While the murder of a bastard capitalist like the CEO of UnitedHealthcare might feel like well-deserved justice, it does not alter the system. And that is why communists do not adopt these tactics.

Filling the vacuum

While the bourgeoisie was shocked by the outpouring of support Luigi received, communists see it as an unmistakable sign of the anti-capitalist mood growing among all sections of the population. What we need is to transform this mood into a political force capable of overthrowing capitalism.

In his manifesto, Luigi says that “it had to be done”. The communists of the RCP say that there is another way. 

Luigi Mangione photographed in police custody. Fair use.

We call on all those who feel that “these parasites had it coming”. We have a long struggle ahead of us. We face a ruling class that has all the wealth and political power on its side. 

What the working class lacks in wealth, it makes up for in strength of numbers. The potential power of the working class to overthrow capitalism and build a society free from the dictatorship of the rich is immense. But it is currently led by union leaders and so-called “left” parties who offer no solutions—and this potential remains stifled.

This contradiction cannot be resolved overnight. The anger revealed by the support for Luigi must be channeled politically. But to do this, we must build a political vehicle to represent the millions of workers who agree with Luigi and direct them into a mass movement, a collective struggle to overthrow capitalism. This is why we need a revolutionary party, a communist party.  

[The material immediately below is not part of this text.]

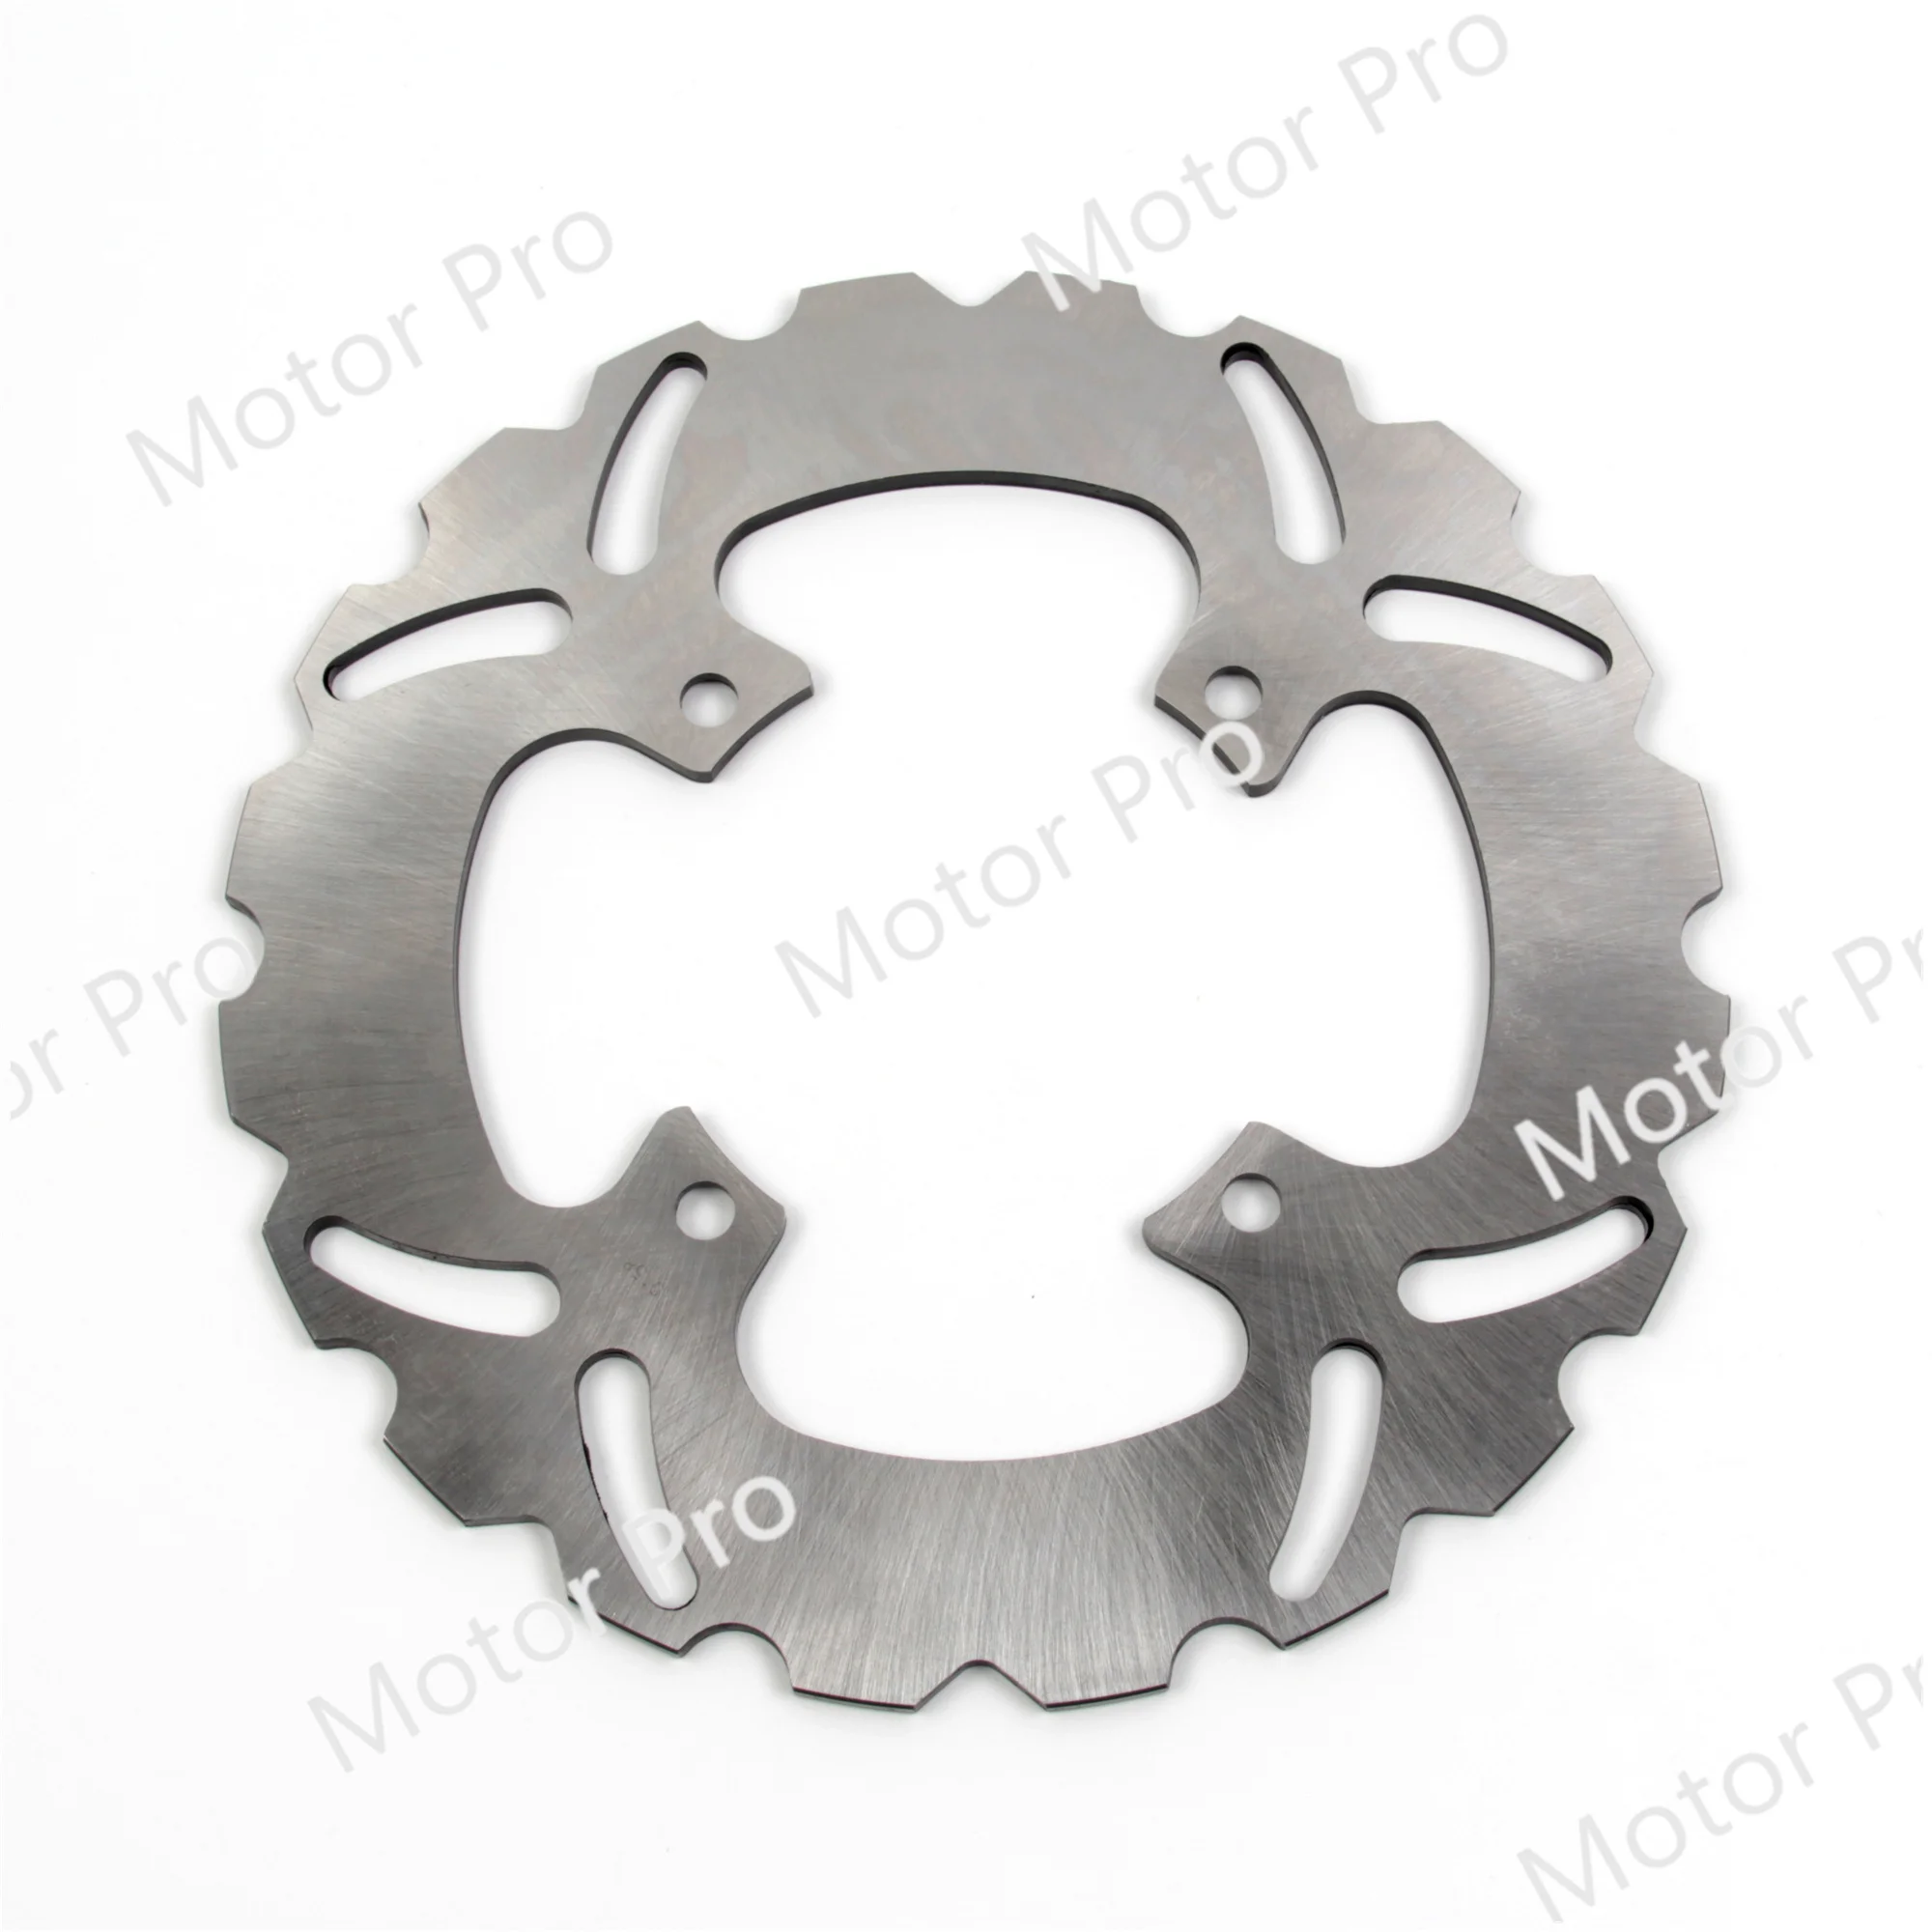 

Motorcycle Rear Brake Disc For Honda RVF400 NC35 1993 1994 RVF 400 93 94 Brake Rotor Disk Stainless Steel Accessories

We will leave the last word to Trotsky: 

“If we oppose terrorist acts, it is only because individual revenge does not satisfy us. The account we have to settle with the capitalist system is too great to be presented to some functionary called a minister. To learn to see all the crimes against humanity, all the indignities to which the human body and spirit are subjected, as the twisted outgrowths and expressions of the existing social system, in order to direct all our energies into a collective struggle against this system—that is the direction in which the burning desire for revenge can find its highest moral satisfaction.”